The planer can make a face flat using the sled, but it'll be very difficult to ensure that the boards are truly perpendicular to the planer table for edge jointing. While the planer may a smooth the edges and flatten them, there'll be no guarantee that they're 90° to the face. Edge jointing with a router or TS can at least use the flat face as a reference to get a 90°, the planer can't.


----------



## Jacktoo (Oct 8, 2009)

A word to wise, never under any circumstances should you put anything with metal parts thru a planer! This is how strange and unexplained accidents have occurred. I had one case where the guy was using a sled with nuts and bolts and one of the nuts came loose and went into knives. He said all the nuts were tight, I still had to report, unexplained, possible human error. Their is always a way of doing things, that won't put you in harms way! Be safe and have fun!

Jack


----------



## jacobsk (Jan 19, 2010)

before restoring my jointer I used my planer all the time.

I would rip both edges on the table saw to get em close, then stand the boards upright and sending them through the planer.

it worked alright, I never used a sled or any clamps though, I did just fine by holding two or three pieces tight as they went into and then jumping the other side and holding them tight together as they passed through.

every once and awhile I'd get some that turned out with parallelagram cross section, but that was usually when I sent the boards through individually.


----------



## juanation (Jan 17, 2010)

thanks guys!!!!as always you have helped me a lot!!! thanks !!i will keep you posted!!!


----------



## Colt W. Knight (Nov 29, 2009)

I use my planet to rough edge boards all the time.


----------



## woodnthings (Jan 24, 2009)

*A thickness planes makes both surfaces parallel!*

If you place a straight surface, either an edge or a flat surface in the planer, it will make the opposite surface, the one pointing up, parallel to it. SO...if you start with a straight surface, possibly from a jointer or the table saw, why not use the same tool for all the boards?..

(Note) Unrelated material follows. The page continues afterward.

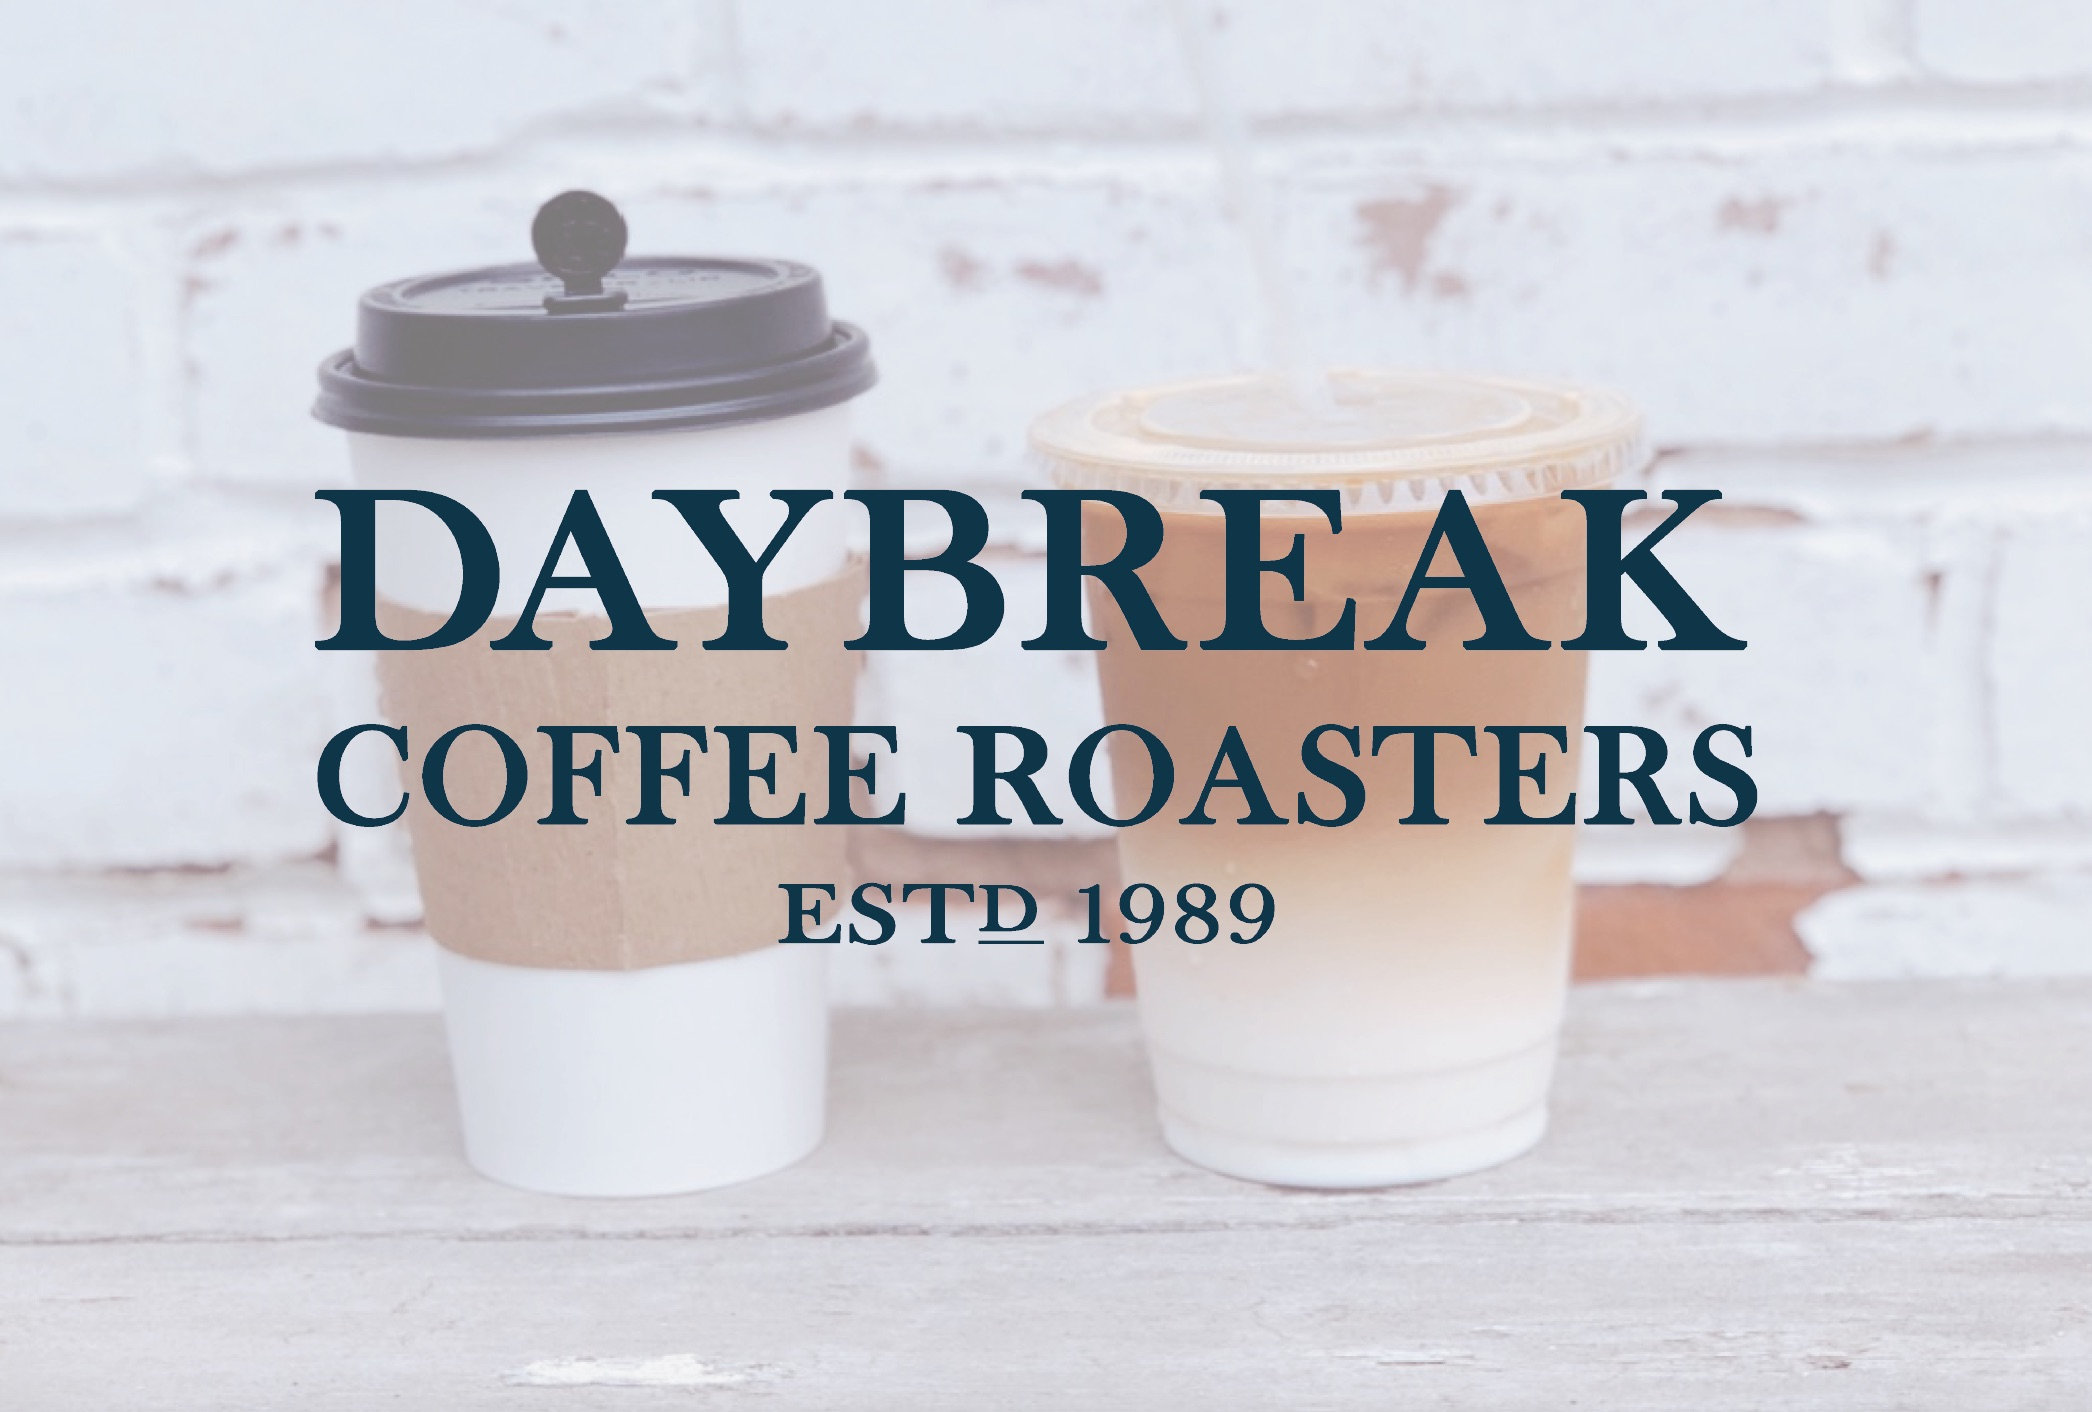 Daybreak Coffee Roasters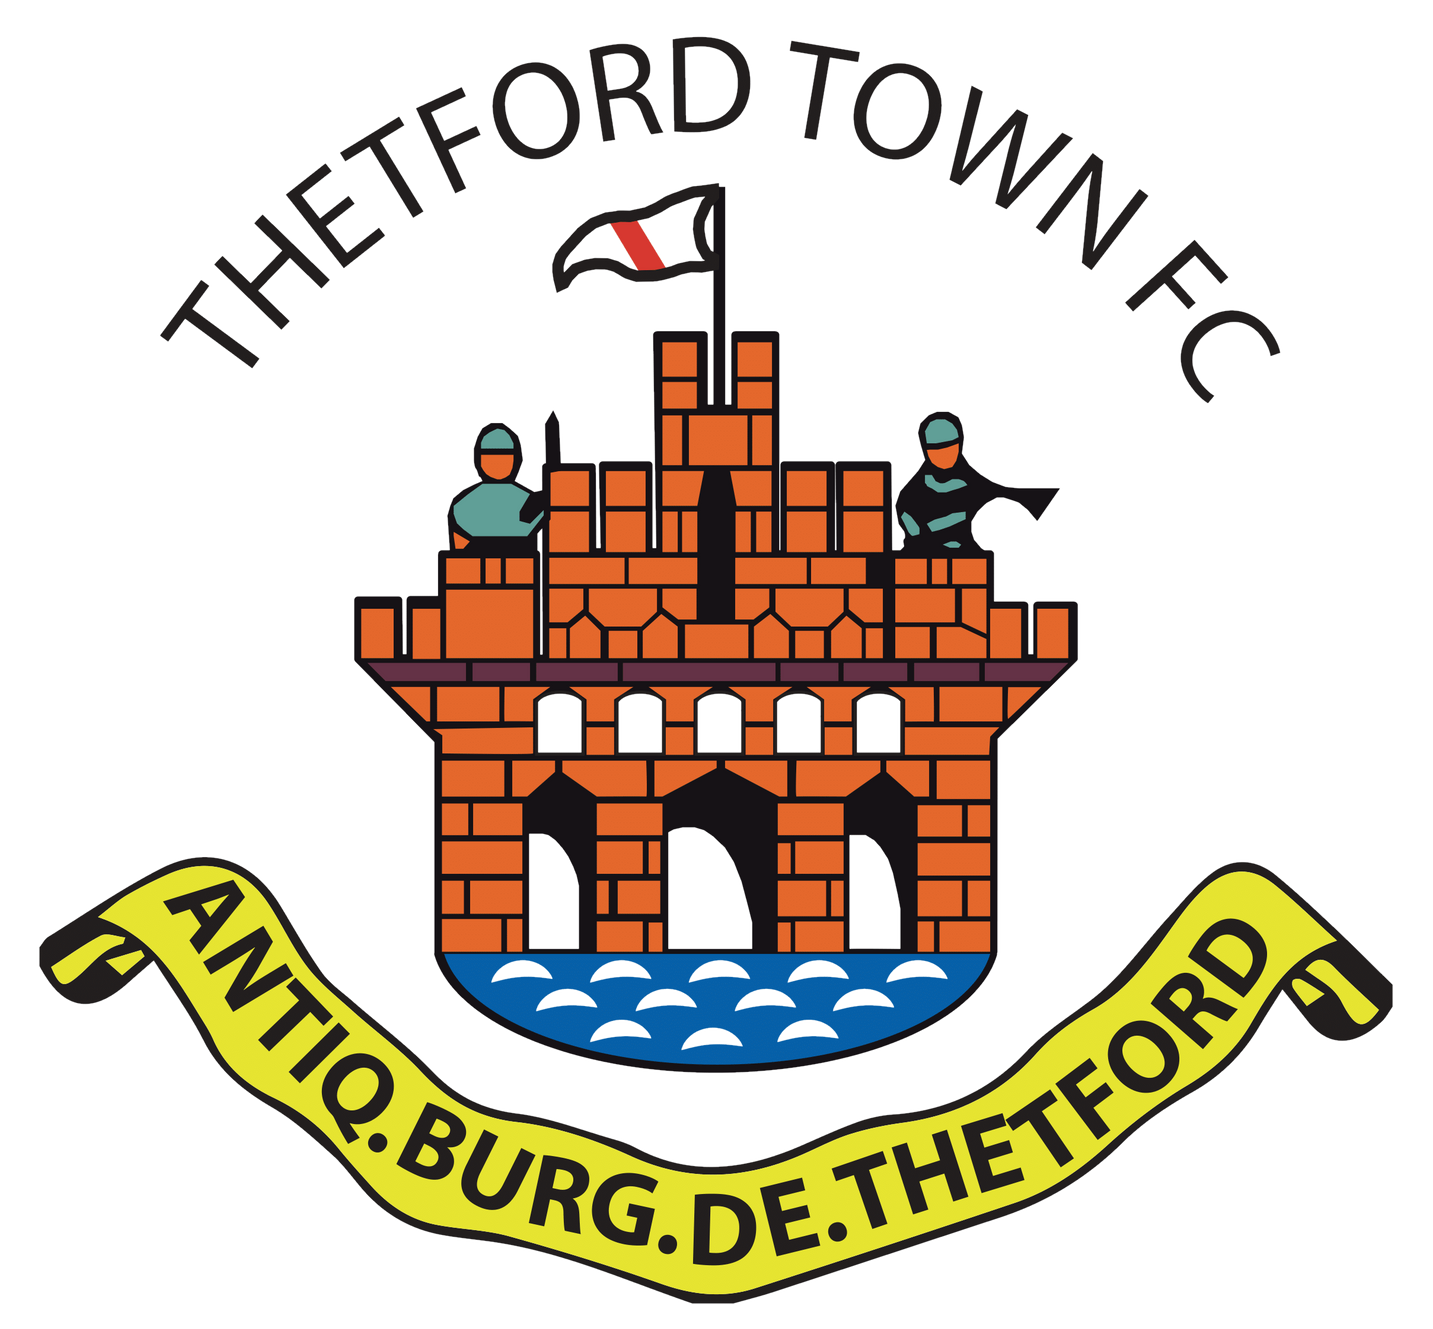 Thetford Town

*Unless, you want to make multiple edges on multiple boards an identical dimension or thickness. *In my "opinion" the width of the stack should be greater than the height of the boards on edge for safety sake. Then stack them together and plane away.:thumbsup:
A board 1 x 6 3/4" in width to be planed "on edge" is risky, since it may not feed properly or twist and tip ruining the board. Just rip the boards on the table saw with a quality blade and avoid those possibilities. 

If the bottom surface of the board is not straight, the planer will simply duplicate any bow on the top surface, it will not straighten a warped or curved board. JMO :blink: bill


----------



## jlhaslip (Jan 16, 2010)

How do you think boards got straightened in ye olden dayes???

Build a shooting board and use a hand plane to straighten the edges. google it.


----------



## juanation (Jan 17, 2010)

hahaha it worked!!
http://www.woodworkingtalk.com/f2/jointing-portable-planer-easy-jointing-15094/


----------